囚われの商人たちのうち、同じ斑民族である明堺源が答えた。
「商店や闘技場の損害はそれほどでもないが……多くの人間が殺されたようだな。そちらのほうが重い……いや、地元の人間だけなら、まだなんとかなるだろう。しかし、観光客まで被害をうけたとなると、二、三年の問題ではすまない」
世界にも誇る歓楽街に、大量虐殺という最悪の印象がついてしまった。それを回復するまでに、はやくても一〇年――。
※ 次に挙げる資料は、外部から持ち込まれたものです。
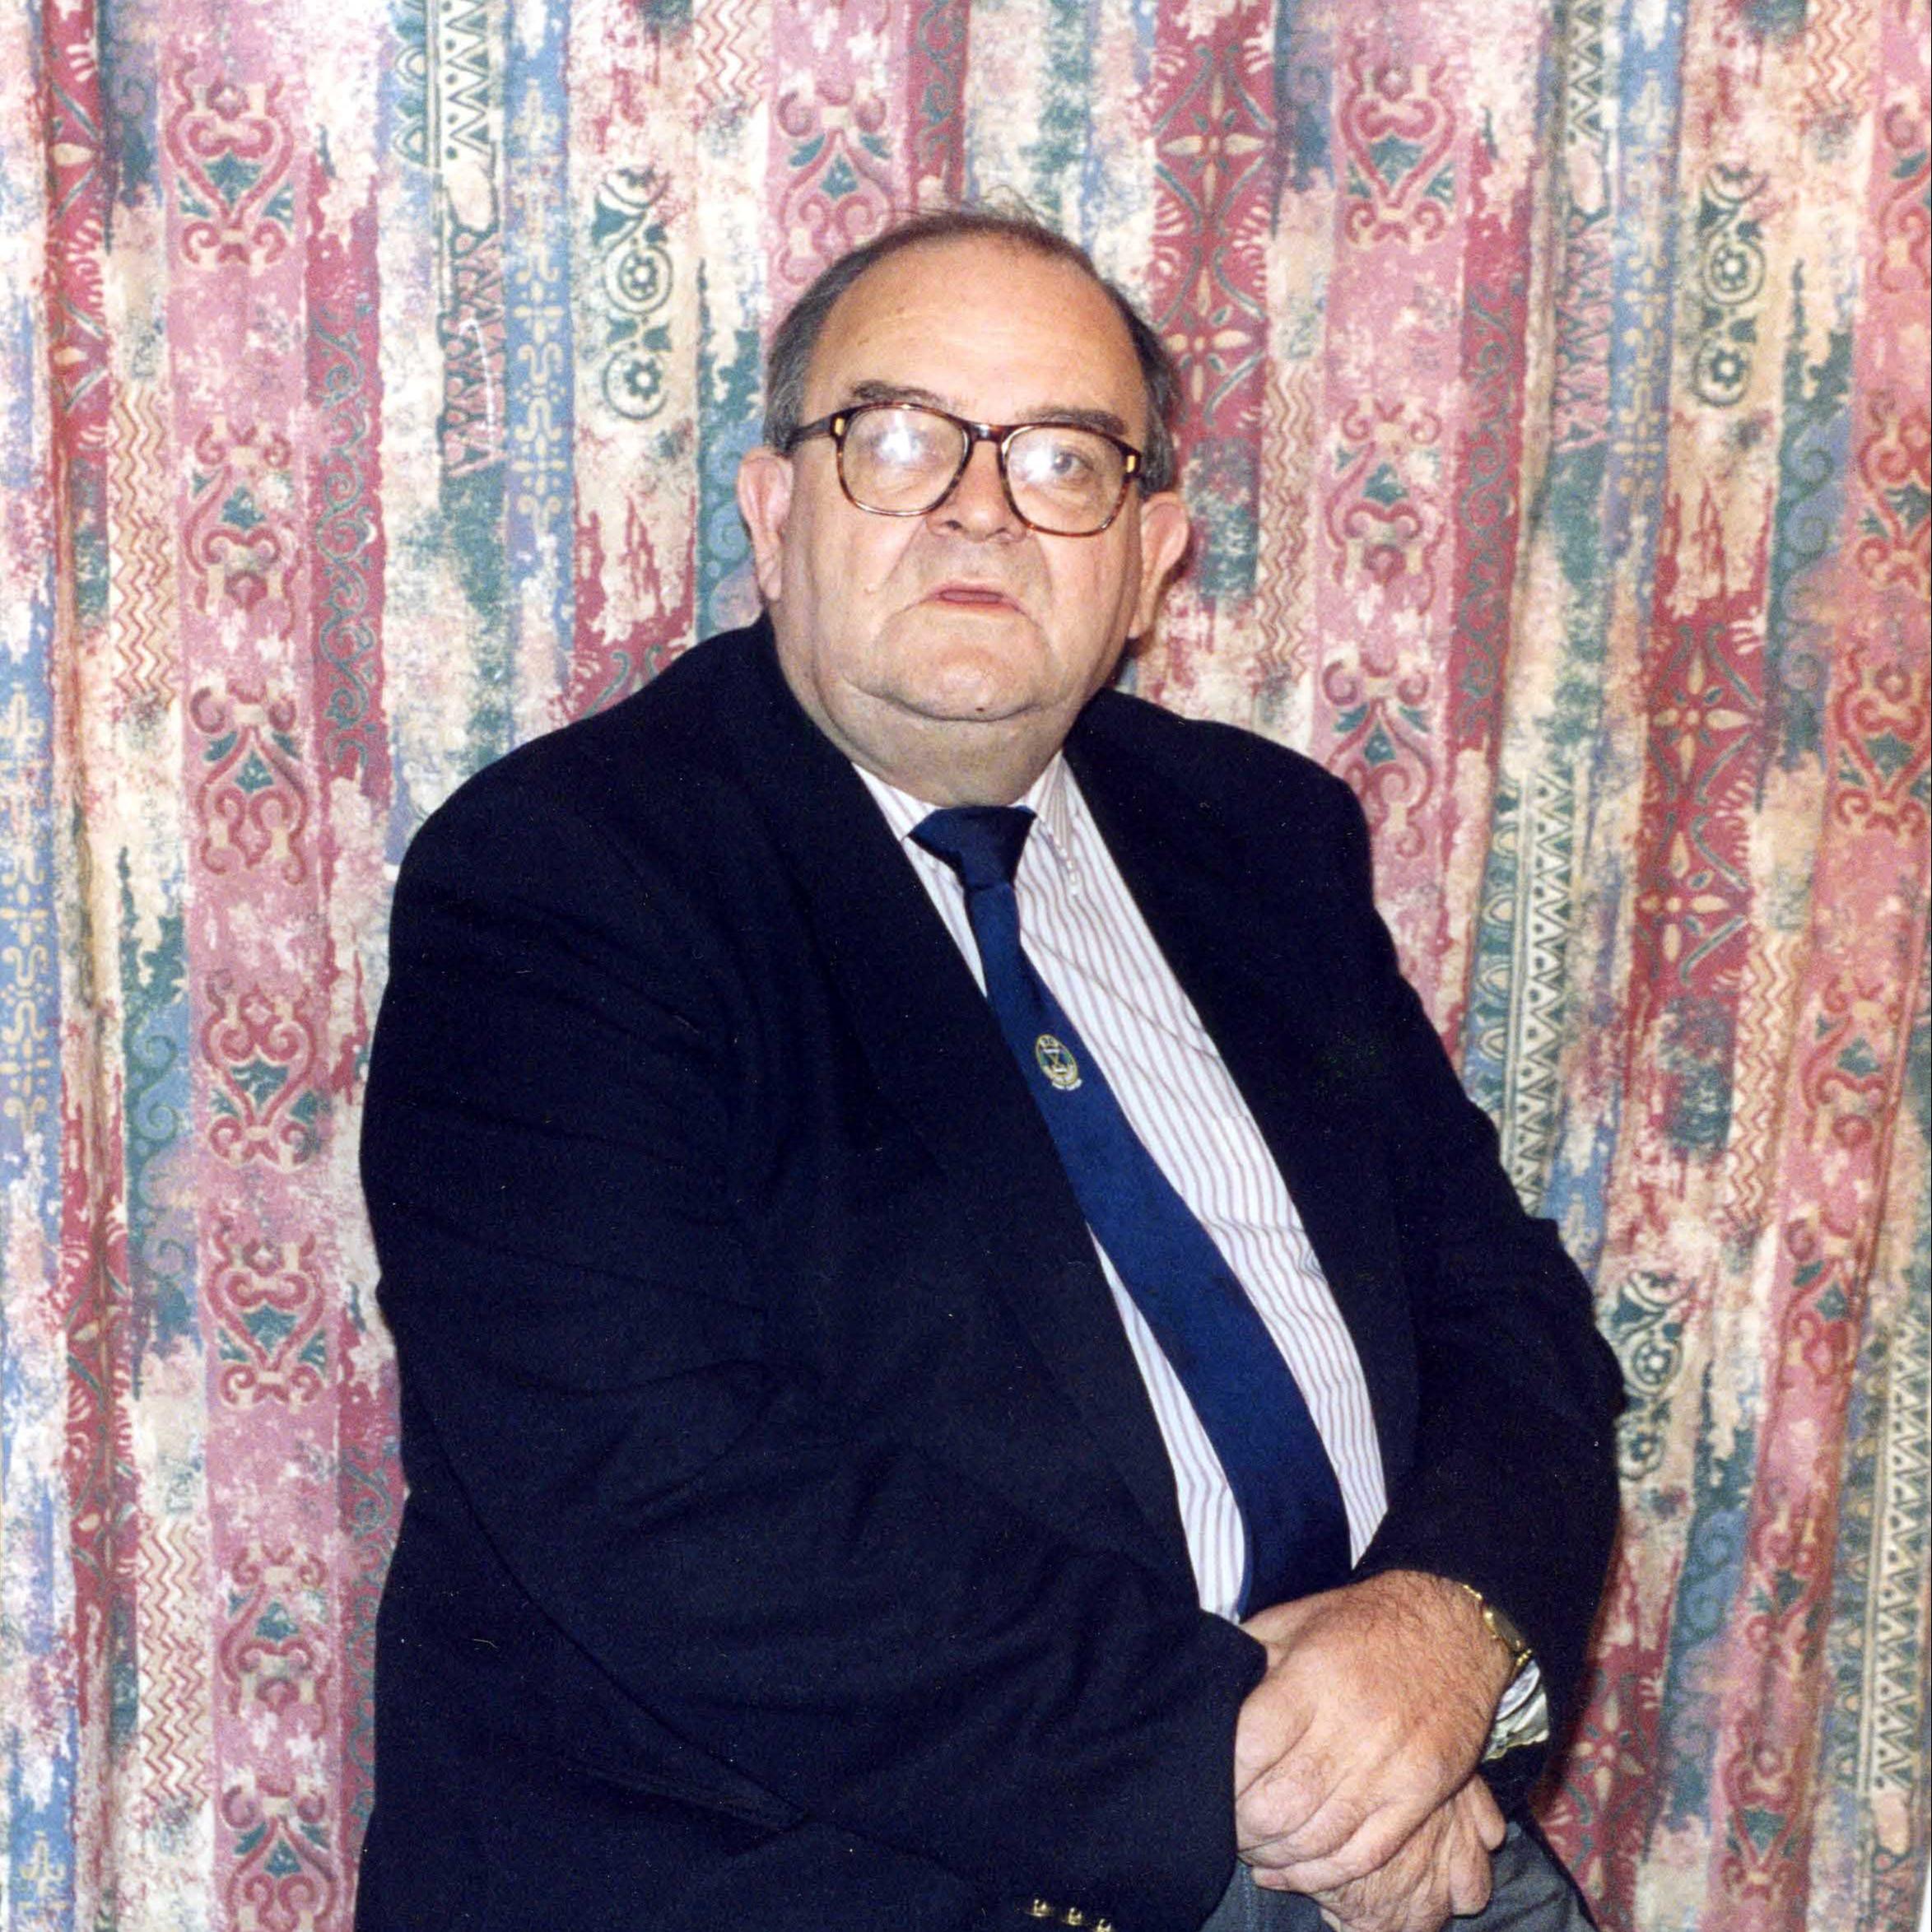 T Greig - 1993-1995

その見解を耳にしても、渦響の表情に翳りはみられなかった。聞くまでもなく、自身でも同じ推測を立てていたのかもしれない。
「ん?」
栄華連の重鎮たちに気を取られて、いままで眼にとめることもなかった。
彼らに混じって、一人だけ若い者がいた。
若すぎる。まだ一四、五の少女だった。
少女は、渦響たちに恐怖を感じていないのか、ただ前方を見据えている。いや、そういう感情自体を持ち合わせていないのか、とにかく人形のように座っているのだ。
なにを見ている?
なにも瞳には映さず、ただ瞼を持ち上げているだけなのか。
「闘い……?」
そうだ、闘場を眺めているのだ。
闘場では、多数の兵士たちが何人かの抵抗をうけている。取るに足らない塵どもだ。
そのなかで、気になるものがあった。
塵の一つだというのに、なぜこんなにも心をゆらす。
闘っているのだ。
一対一の決闘。
もし自分が瀏斑の将でなければ、その勝者と決勝を争っていたかもしれない。
馬鹿な、大会はすでに破綻をむかえた。
準決勝第二試合の開始を待たずに、中止となっているはずだ。
それなのに、闘いは継続されていた。
めざすべき優勝という栄光は、すでにない。
なんのために命をかけるのか!?
わからない。
帝の忠実な僕である渦響に、わかるはずもなかった。
命令されないかぎり、そんな無駄なことはしない。彼らは、自分の意志で闘っているはずだ。なぜ馬鹿なことをする!?
わからない……。
三
野蛮な行為のただなかで、あの人たちは懸命に闘っています。
なんと美しい姿なのでしょう。
おたがいの剣が、それぞれの信念のためにぶつかっています。
激しく、苛烈で、夢のなかの光景のよう。
もう大会は、壊れている。
闘う理由は、どこ?
わたしにはわからないのでしょう。きっと、当人たちにしかわからないことなのです。
邪魔をしたくはない。
彼らの神聖な試合を、最後までやらせてあげたい。
最後まで見届けていたい……。
わたしは一生、籠のなかでもかまわない。
あの人たちに、闘う自由を――。